With LDAP, any entry can become a container
You may assume that containers in an LDAP directory have an attribute that identifies the entry as a container. But this isn't the case. An entry becomes a container when entries are placed under it, but the LDAP directory makes no modification of the container entry when this happens. With LDAP, every entry holds the possibility of becoming a container, and this design supports many hierarchical opportunities.
You create a container by creating an entry below another entry
You might also assume that container entries have an attribute that lists all the entries that are contained within that container. This also isn't the case. The hierarchical structure is not stored by any special mechanisms aside from the name of each entry. You create a container by creating an entry beneath another entry! This concept takes some getting used to, as logic suggests that the container entry would need to be modified. However, specific LDAP implementations may go beyond the LDAP specification and have special attributes for child information in order to offer additional management functionality.
Although every entry can be a container, some object classes may make more sense
In some LDAP server implementations, there may be restrictions on which object classes an entry must have to become a container. These restrictions are called structure rules (for more details, see Chapter 4). In general, there are several object classes that are regularly used as containers for historical reasons. These object classes are favorites because they are the only allowed containers in X.500. Table 2-2 lists these object classes with a short description of each object class along with why they might be useful as a container.
Among these object classes, the organizational unit is used most widely. It is frequently employed for a wider variety of purposes than simply political structure. You don't have to use these object classes as the containers in your directory, but you may find that there are good reasons why these classes are favored.
Structure rules restrict where an entry of an object class can be created
LDAP also supports structure rules specific to an object class (for detail beyond what's here, see Chapter 4). This functionality is not necessarily part of the LDAP standard, but it is implemented by several vendors.
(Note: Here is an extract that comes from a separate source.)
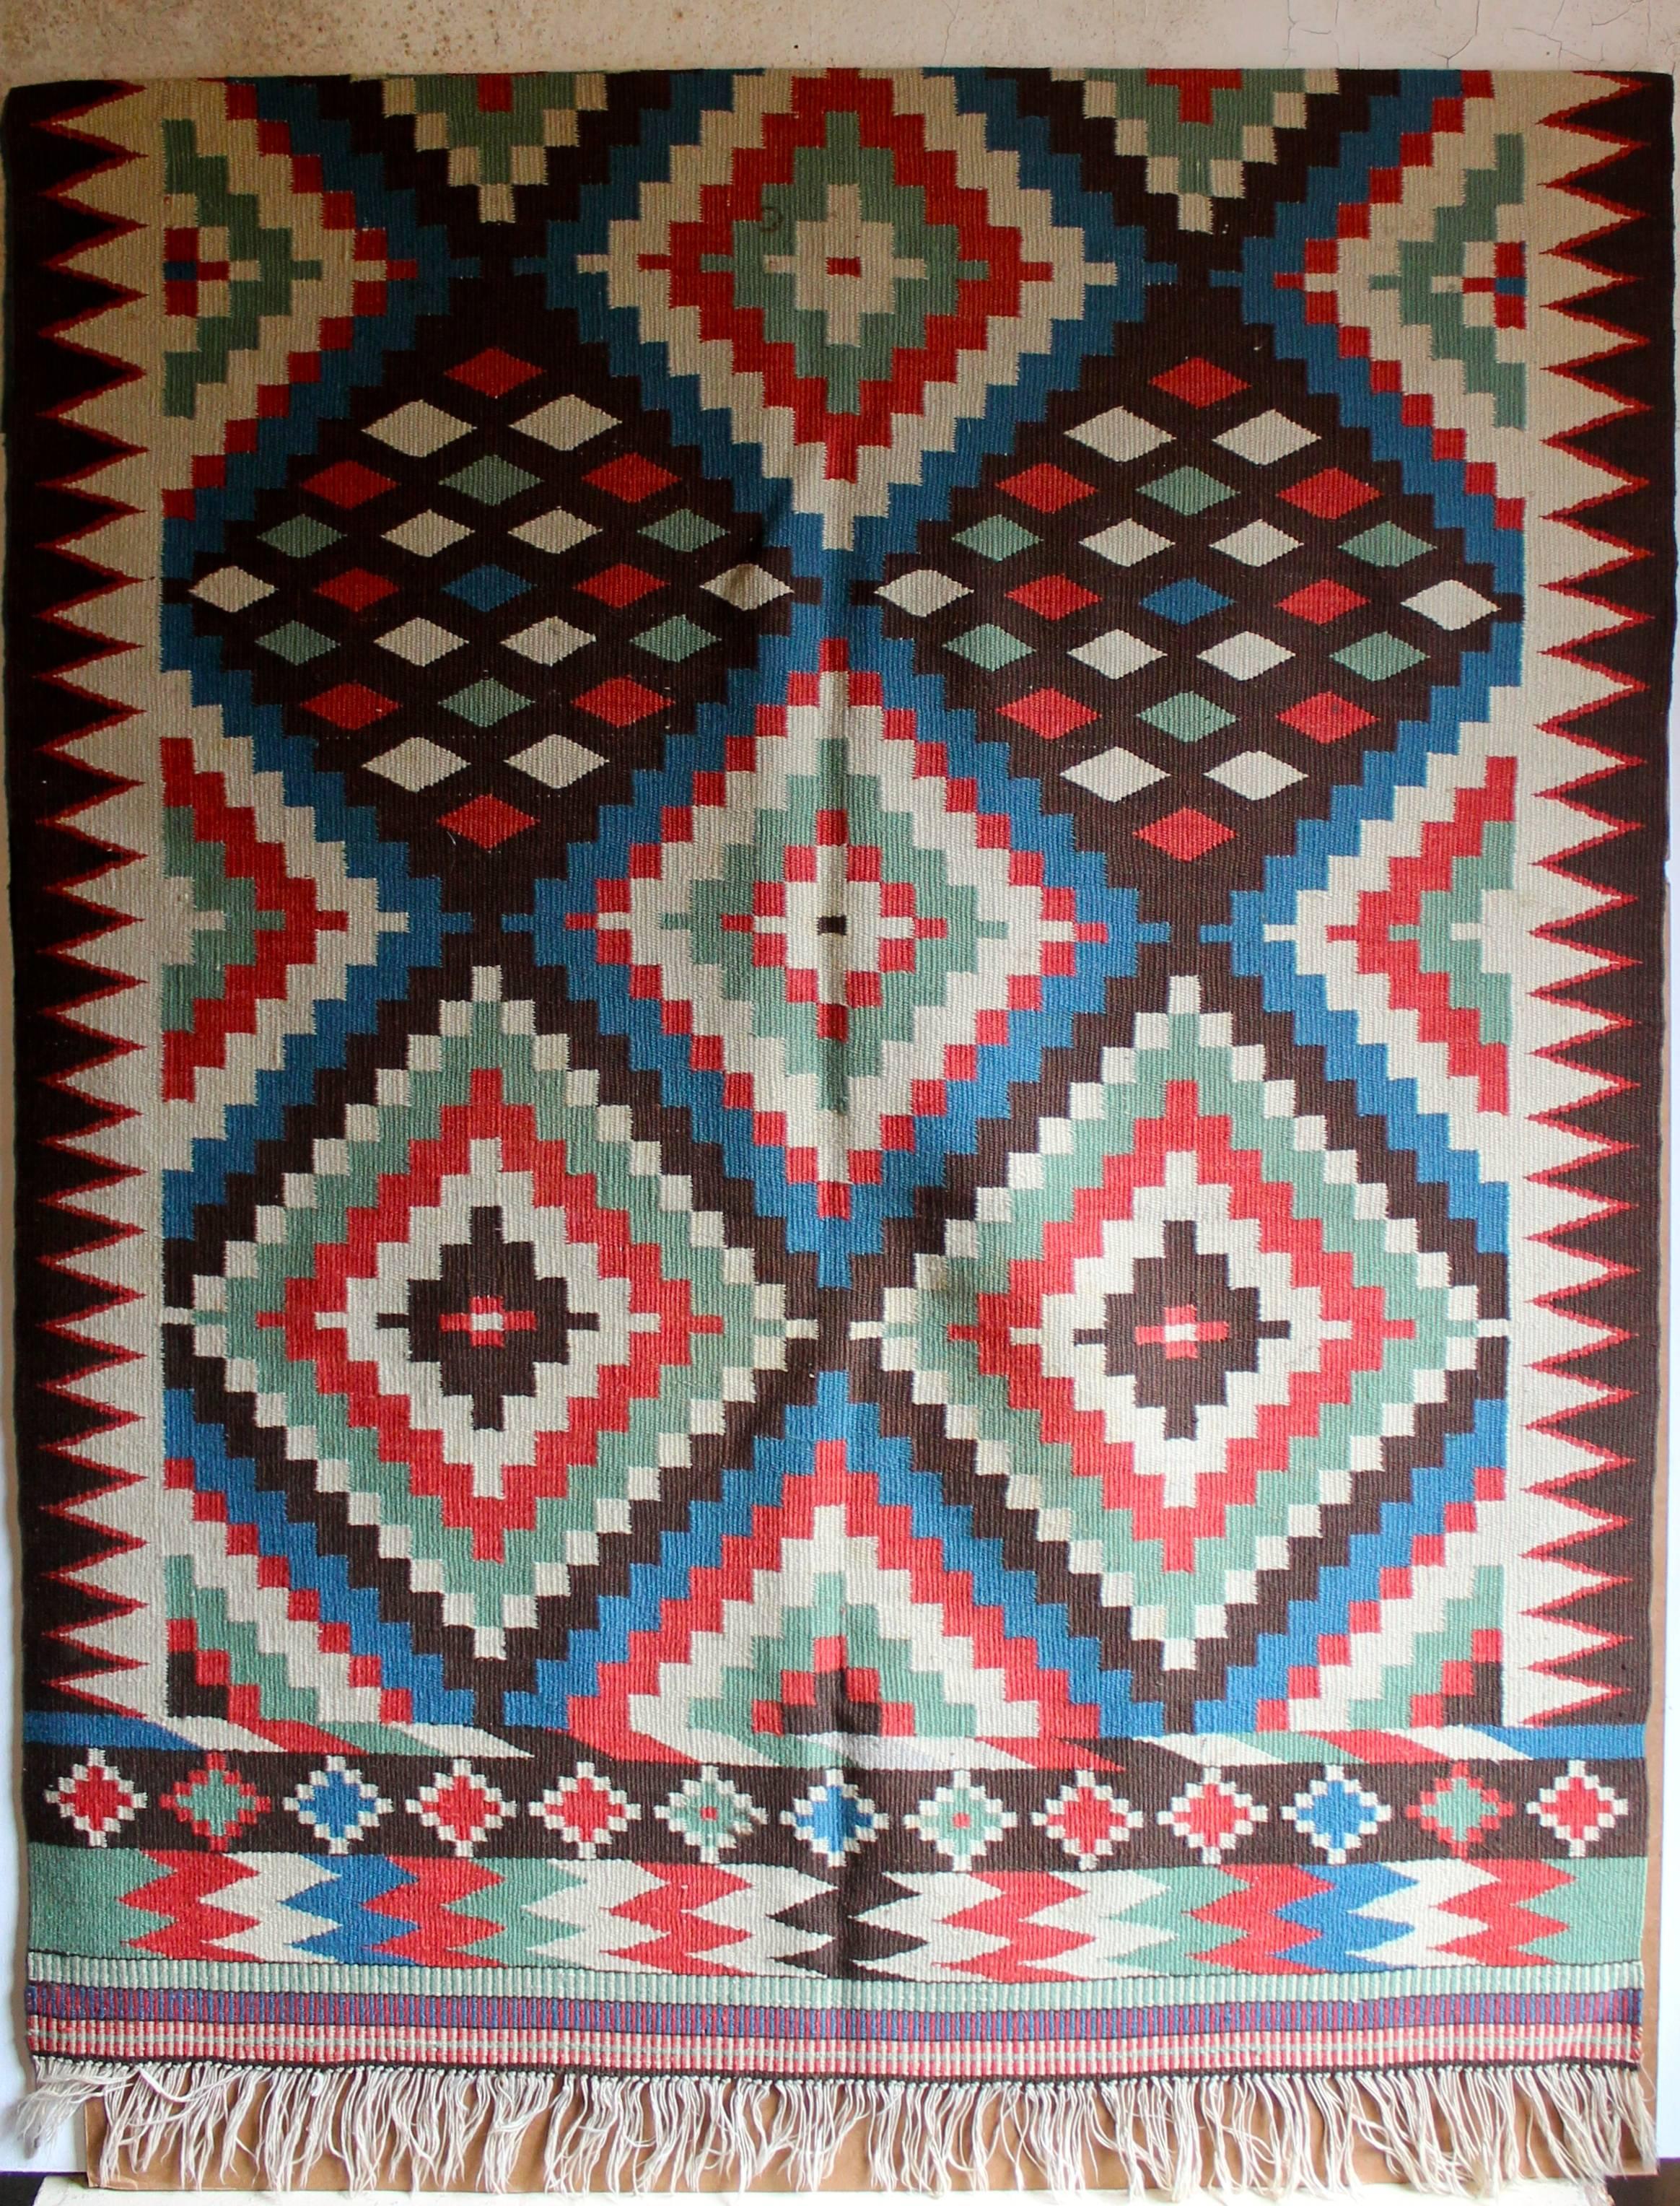 A large and dynamic rug or wall hanging.

Object class structure rules impose restrictions on where an entry of a particular object class may be created. For example, I might associate a structure rule with the organizational unit object class. This structure rule might require that all entries of objectclass=organizationalUnit be immediate children of entries of objectclass=organization. This rule imposes an additional restriction in the namespace, and it also limits functionality. Structure rules are enforced by the schema-checking process. Mycompany will want to review any structure rules specific to its chosen vendor.
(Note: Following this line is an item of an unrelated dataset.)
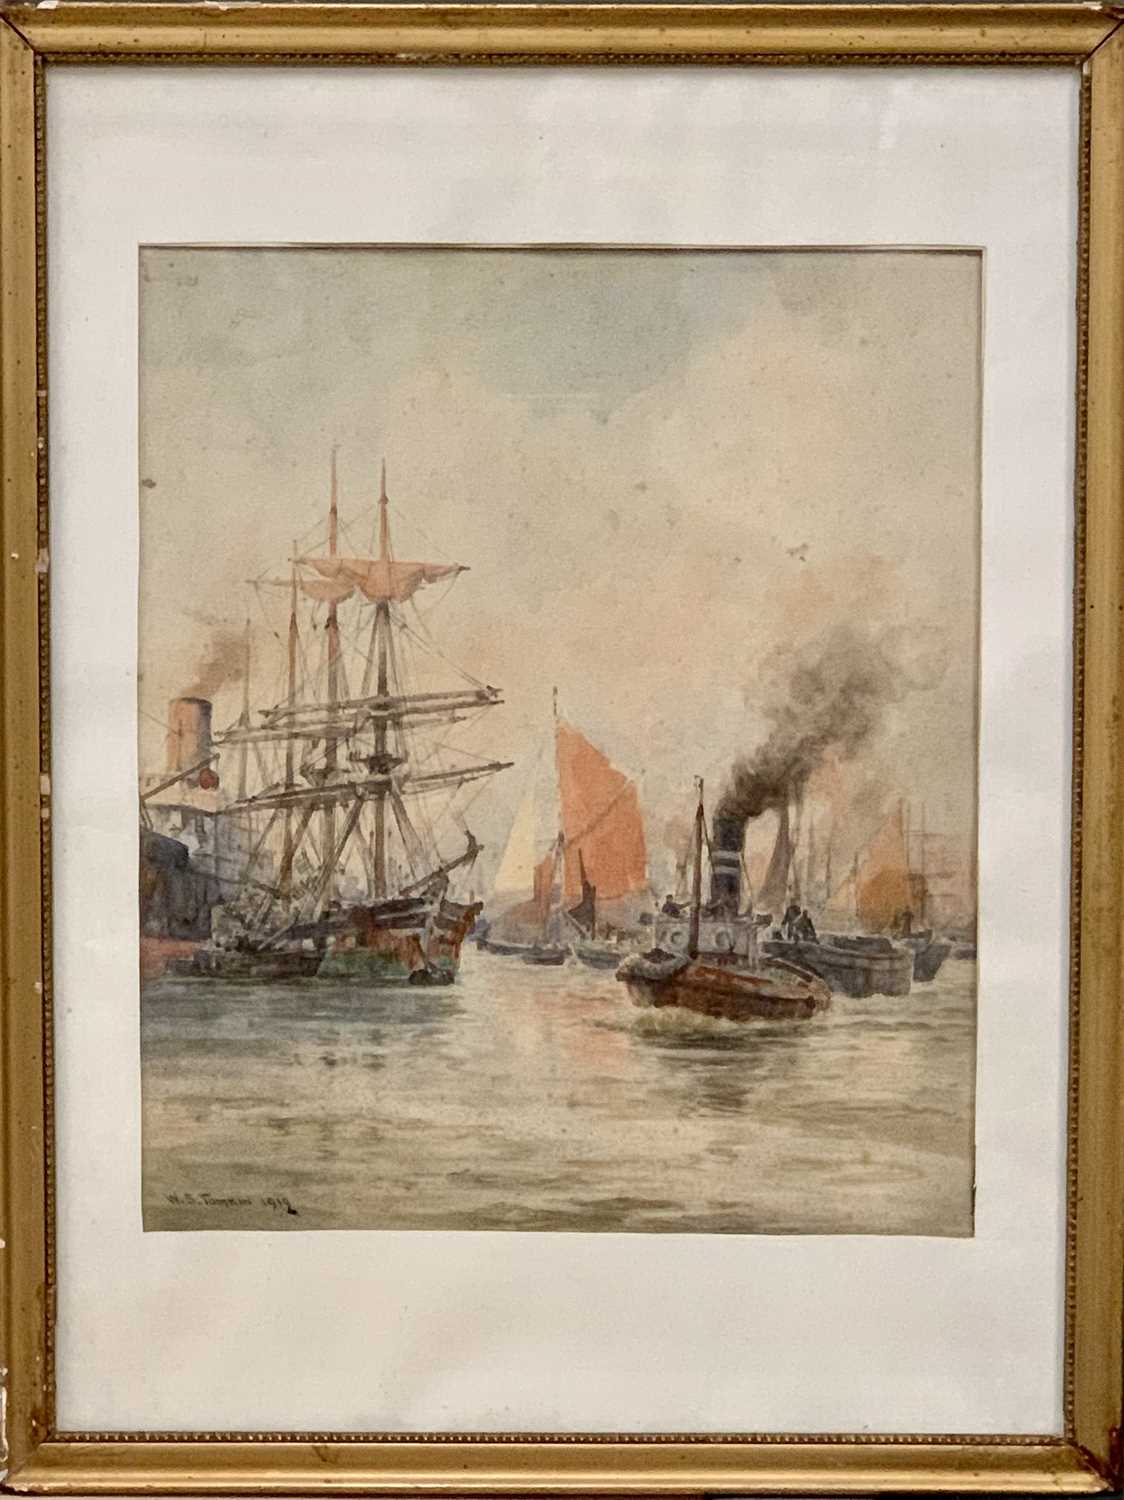 W S TOMKIN watercolour - busy harbour scene showing masted ships, steamers, tug boat and barges, - Image 2 of 3

Table 2-2. Common object classes used for containers
Object Class Type | Attribute Name | Explanation of Use |
|---|---|---|
Country | c | The country entry can provide geographical structure. As such, you typically use them when you want to split directory information across servers based on geography. |
Locale | l | The locality entry also provides geographical structure to subdivide the country container. |
Organization | o | The organization entry provides a political structure. |
Organizational Unit | ou | The organizational unit entry also provides a political structure. |
Naming contexts are used to refer to portions of a directory
The name of each top-level container has the distinction of also being called a naming context. The naming context is greater than just the container, though. A naming context is a contiguous subtree beginning at a top-level container. For example, if you referred to the Accounts naming context in Mycompany, you would mean the Accounts container, all its child entries, and all containers and entries beneath the Accounts container, as shown in Figure 2-4. In this way, you can conveniently refer to portions of the directory. The naming context is the same terminology as a directory suffix (or a context prefix in X.500). The Accounts naming context is the Accounts suffix.
The directory has no single root entry; instead, all the naming contexts are peers connected by the root DSE
There is really no directory object at the root of an LDAP directory. Instead, there is a special entry that is like a root object, called the root DSE entry, that lists all the naming contexts on the directory server. The directory uses the naming contexts to quickly differentiate whether a request for an entry is within the known naming contexts.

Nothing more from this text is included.